Task brief:
When you write out the listing, keep every word as it stands and drop the pictures.

══ Supplied data

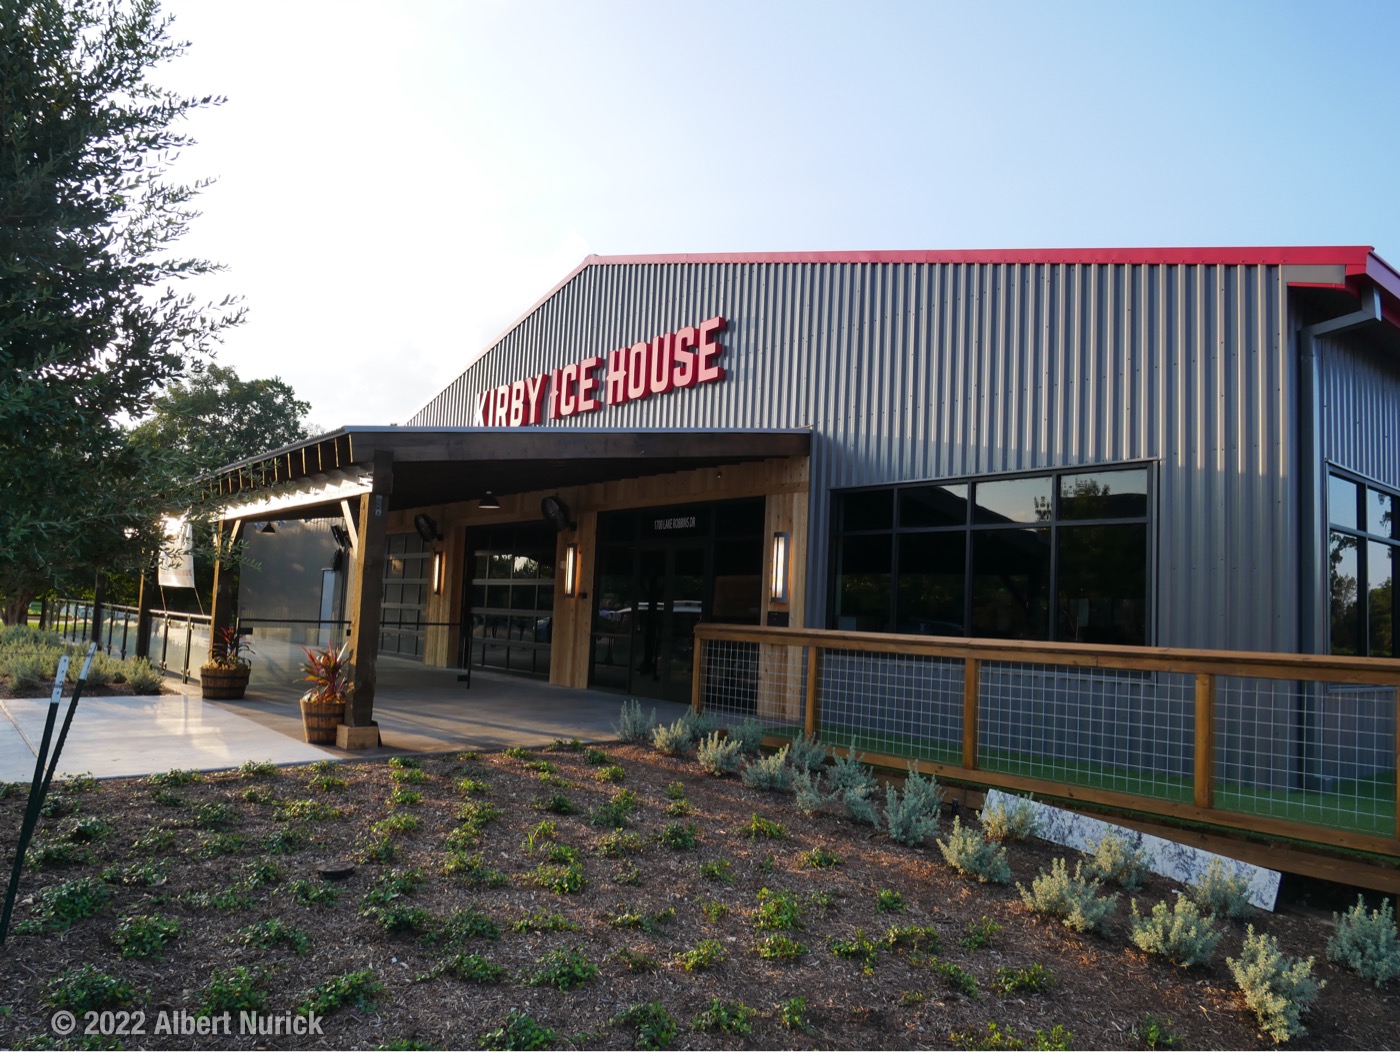 9 Things to Know About Kirby Ice House in the Woodlands, Home to
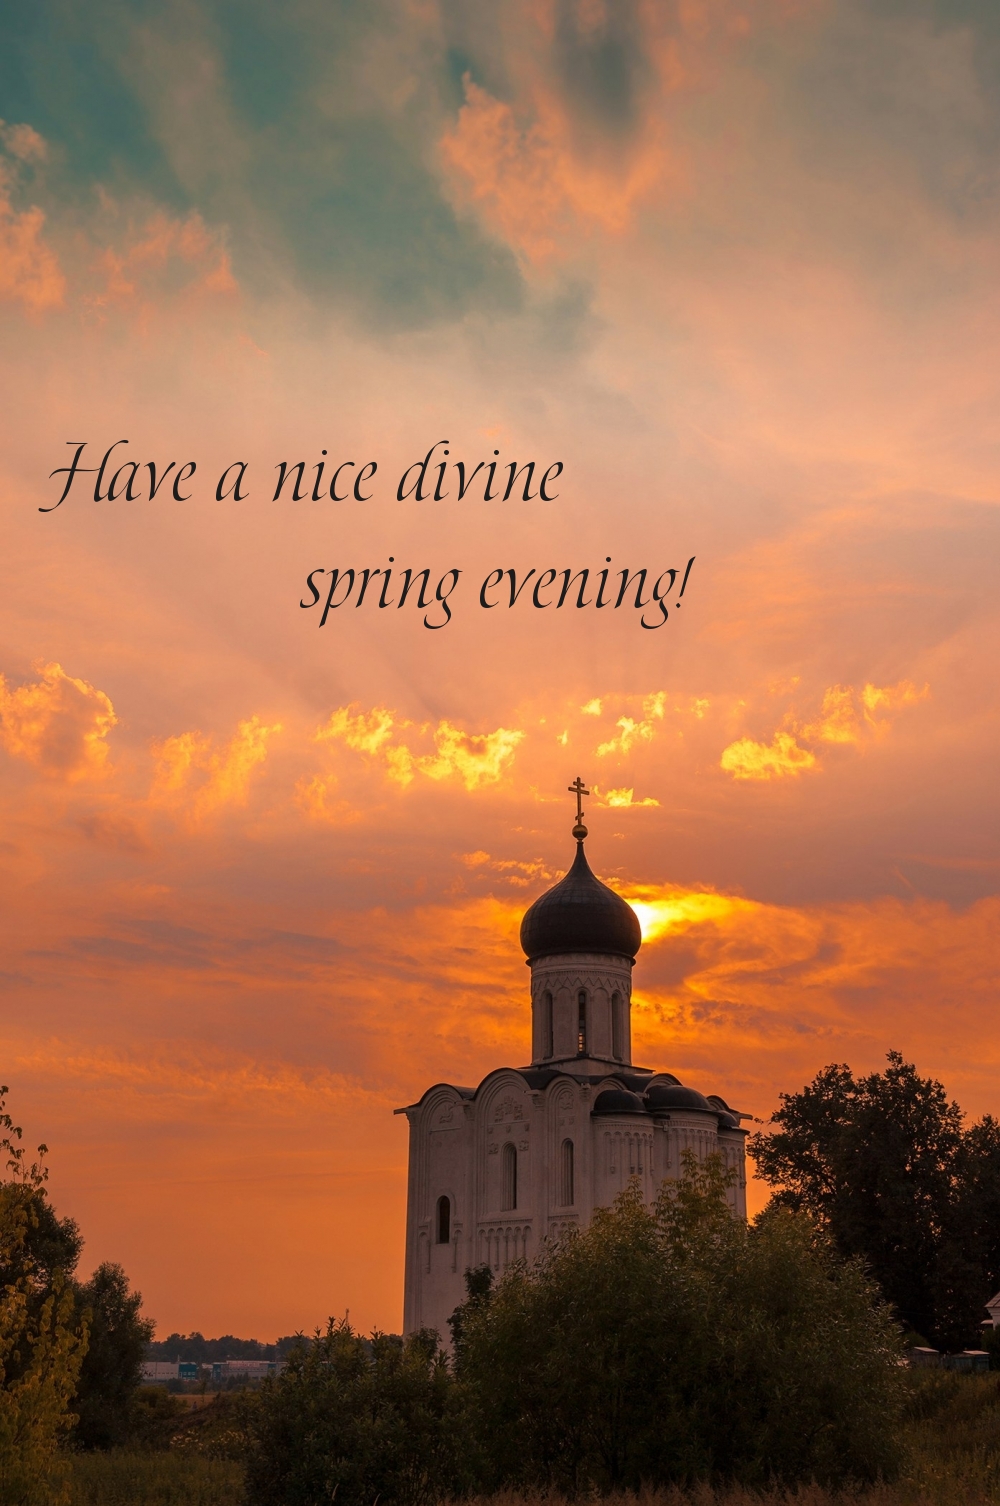 Have a nice divine spring evening!
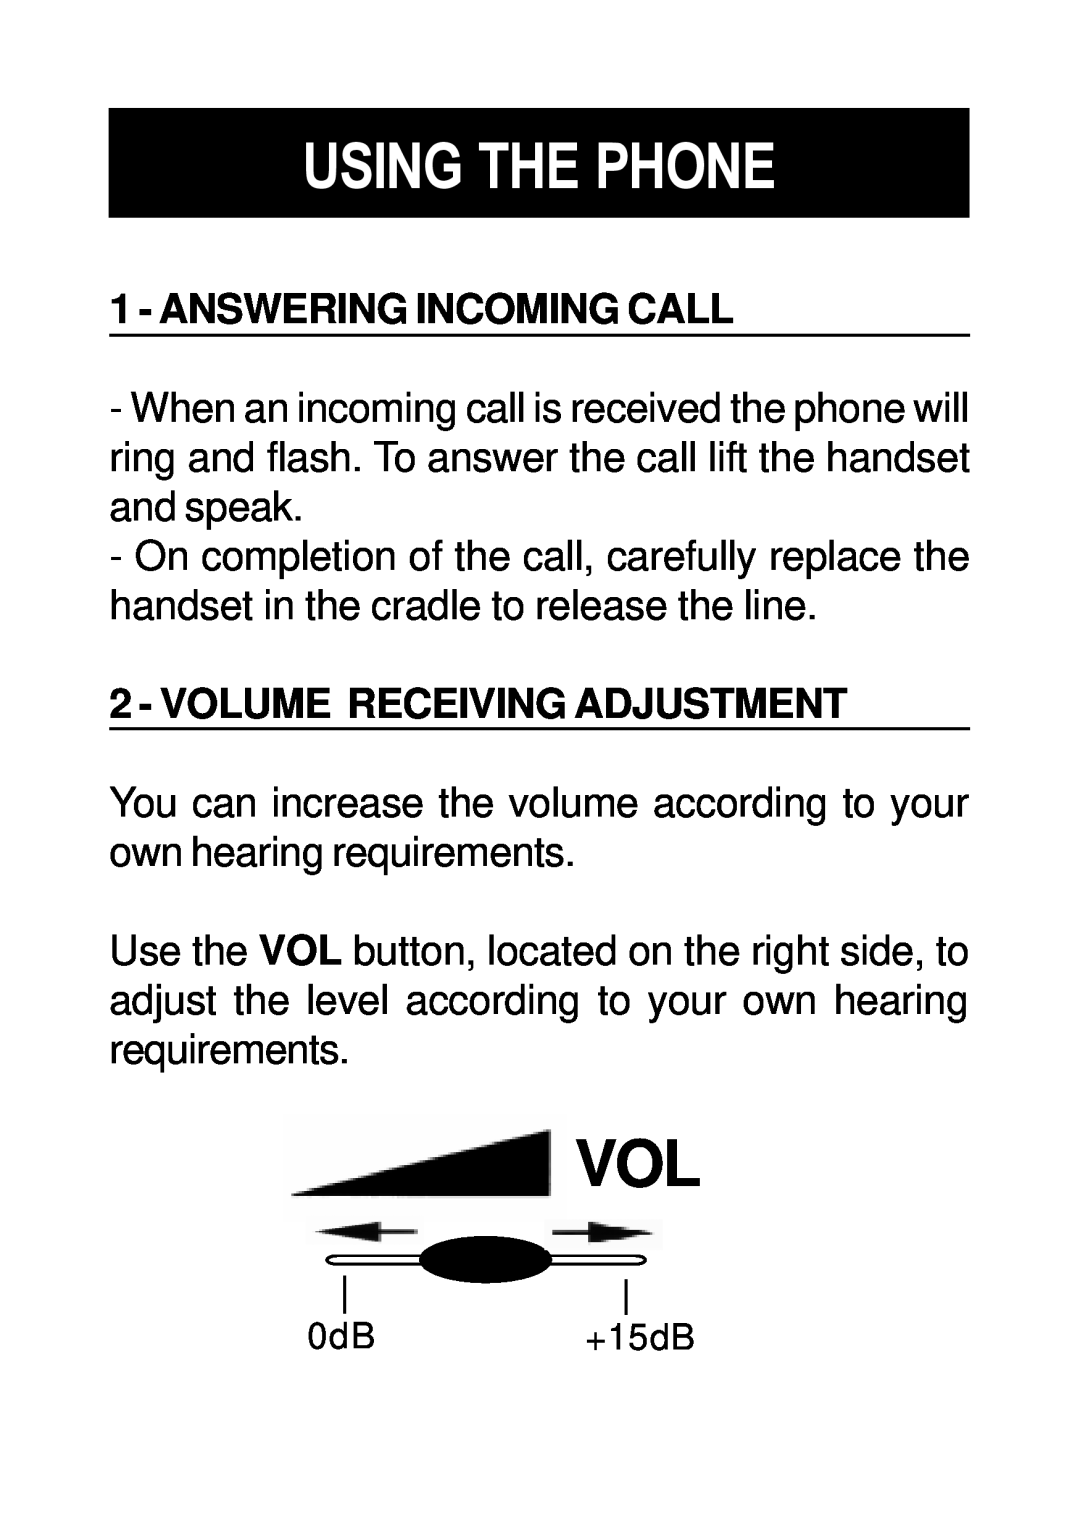 Geemarc Dallas 10 manual Using The Phone, Answering Incoming Call, Volume Receiving Adjustment

════

Result:
 9 Things to Know About Kirby Ice House in the Woodlands, Home to
 Have a nice divine spring evening!
 Geemarc Dallas 10 manual Using The Phone, Answering Incoming Call, Volume Receiving Adjustment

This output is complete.